You can usually come up with an explanation for why you did something. You don't...

TeMPOraL · on Oct 15, 2015

Humans often come up with an explanation for why they did something that's simple, consistent and also completely untrue. They sometimes even believe their own explanations. We may run into the same problem with an AI here - it may be, purposefully or not, providing us with untrue explanations.

david_ar · on Oct 16, 2015

Indeed, people even offer explanations when tricked into believing they had chosen the opposite outcome to the one they actually picked [1].

[1] http://researchgate.net/publication/6745688

> participants fail to notice mismatches between their intended choice and the outcome they are presented with, while nevertheless offering introspectively derived reasons for why they chose the way they did

neltnerb · on Oct 15, 2015

I, for one, think that would be a much more fascinating problem than implementing neural nets where the representation of the underlying data is heavily obscured.

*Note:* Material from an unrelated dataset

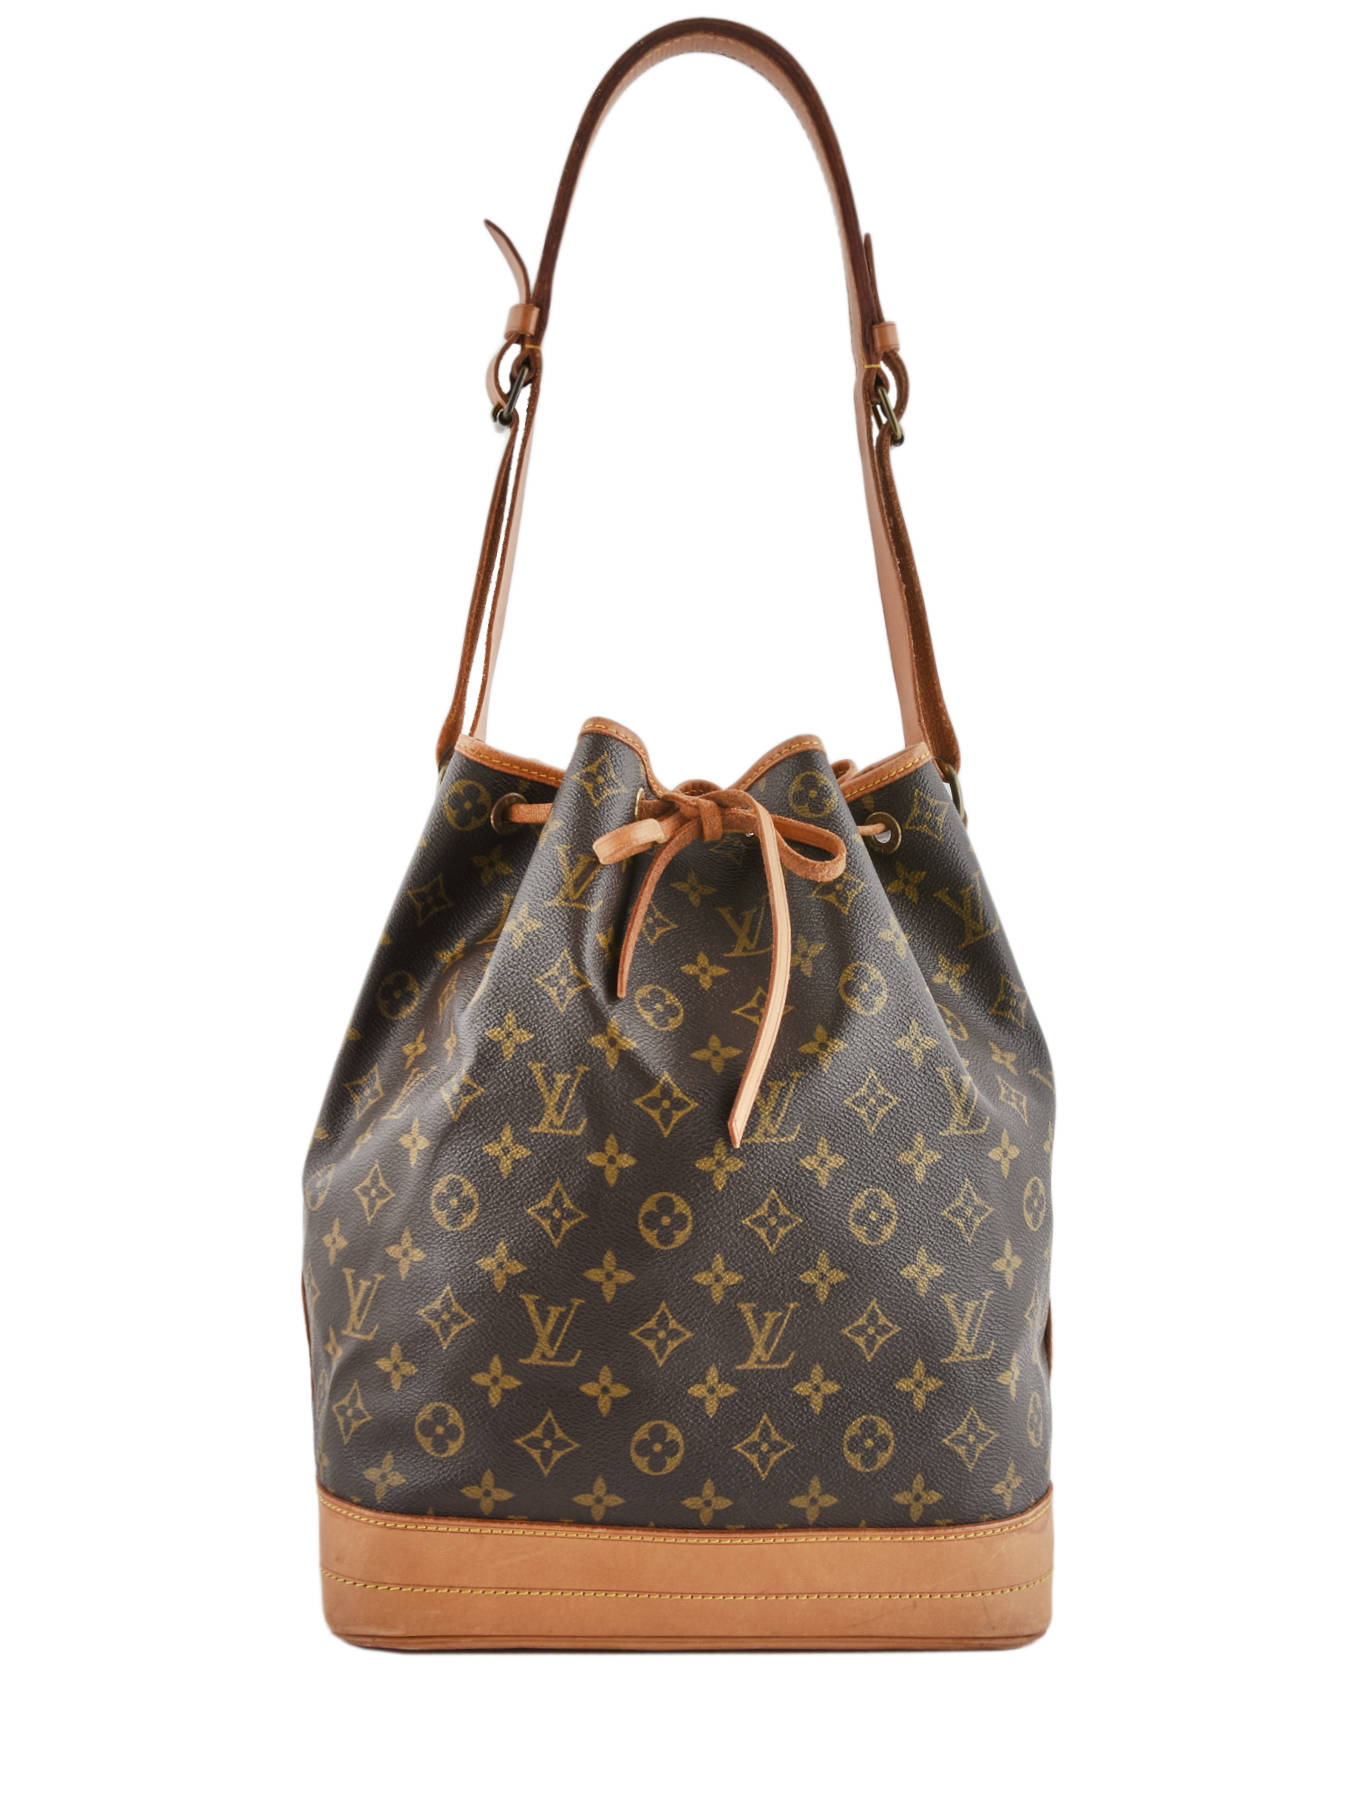 d306bf0b1f ... Sac Bourse D'occasion Louis Vuitton Noe Gm Monogrammé Brand connection  Marron louis vuitton ...

TeMPOraL · on Oct 15, 2015

If only it is possible. The only powerful enough model for reasoning that comes to my mind are bayesian networks, and those will suffer from the same problems as neural nets - nodes, edges and values may not be related to any meaningful symbolic content that would be useful to report. It again seems in line with human mind; we invent symbols to describe some groups of similar concepts, with borders being naturally fuzzy and fluid.

If the AI tells us: "I did it because #:G042 and #:G4285 belong to the same #:G3346 #:G4216, while #:G1556 and #:G48592 #:G4499 #:G22461 #:G48118", I don't think we'll have learned anything useful.